Iranian Journal of Pediatrics, 2015
Background: Noninvasive transcutaneous carbon dioxide monitoring has been shown to be accurate in infants and children, limited data are available to show the usefulness and limitations of partial transcutaneous carbon dioxide tension (PtCO 2) value. Objectives: The current study prospectively determines the effectiveness and accuracy of PtCO 2 measurements in newborns.

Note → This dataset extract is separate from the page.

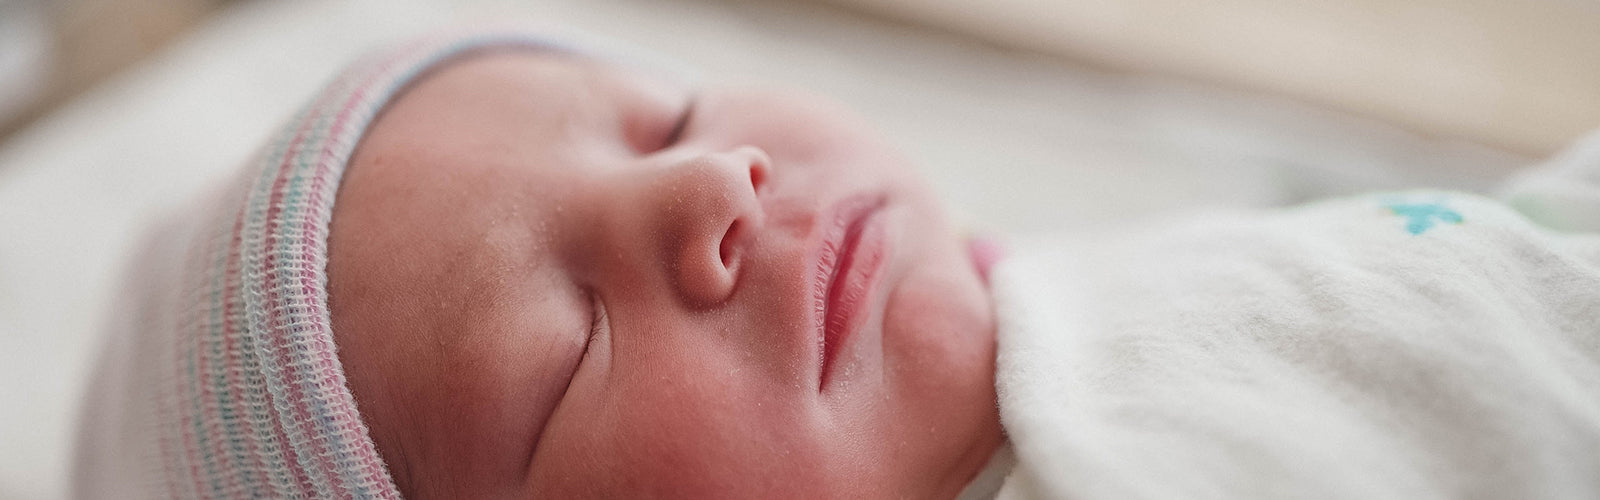 11 Weird, but normal newborn baby characteristics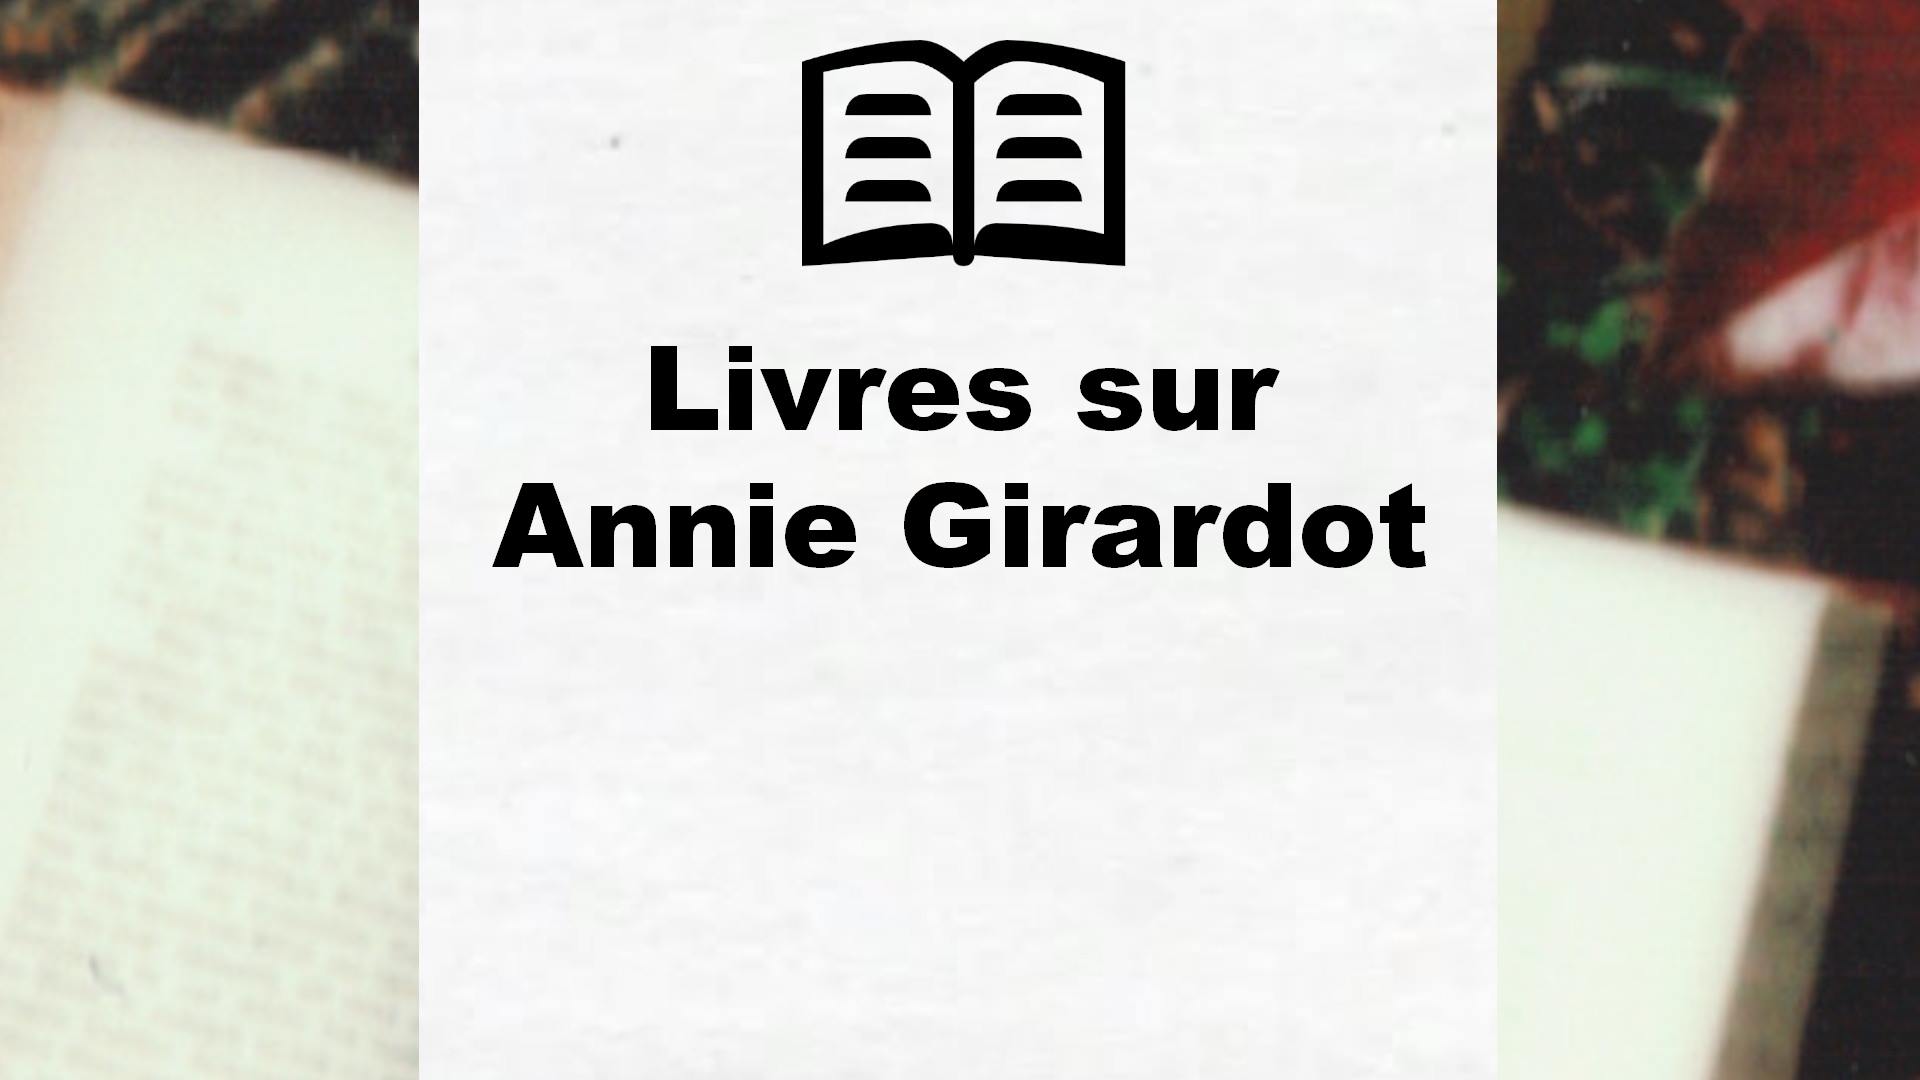 Livres sur Annie Girardot

Materials and Methods: Venous blood gas sampling and monitoring of the PtCO 2 level (TCM TOSCA, Radiometer) were done simultaneously. All measurements are performed on mechanically ventilated infants. Partial venous carbon dioxide tension (PvCO 2) values divided into three groups according to hypocapnia (Group 1: < 4.68 kPa), normocapnia (Group 2: 4.68-7.33 kPa), hypercapnia (Group 3: > 7.33 kPa) and then PvCO 2 and PtCO 2 data within each group were compared separately. Results: A total of 168 measurements of each PvCO 2 and PtCO 2 data were compared in three separated groups simultaneously (13 in Group 1, 118 in Group 2, and 37 in Group 3). A bias of more than ± 0.7 kPa was considered unacceptable. PtCO 2 was related to PvCO 2 with acceptable results between the two measurements in hypocapnia (mean difference 0.20 ± 0.19 kPa) and normocapnia (0.002 ± 0.30 kPa) groups. On the other hand in hypercapnia group PtCO 2 values were statistically significant (P < 0.001) and lower than PvCO 2 data (mean difference 0.81 ± 1.19 kPa) Conclusions: PtCO 2 measurements have generally good agreement with PvCO 2 in hypocapnic and normocapnic intubated infants but there are some limitations especially with high level of CO 2 tension. Monitoring of PtCO 2 is generally a useful non-invasive indicator of PvCO 2 in hypocapnic and normocapnic infants.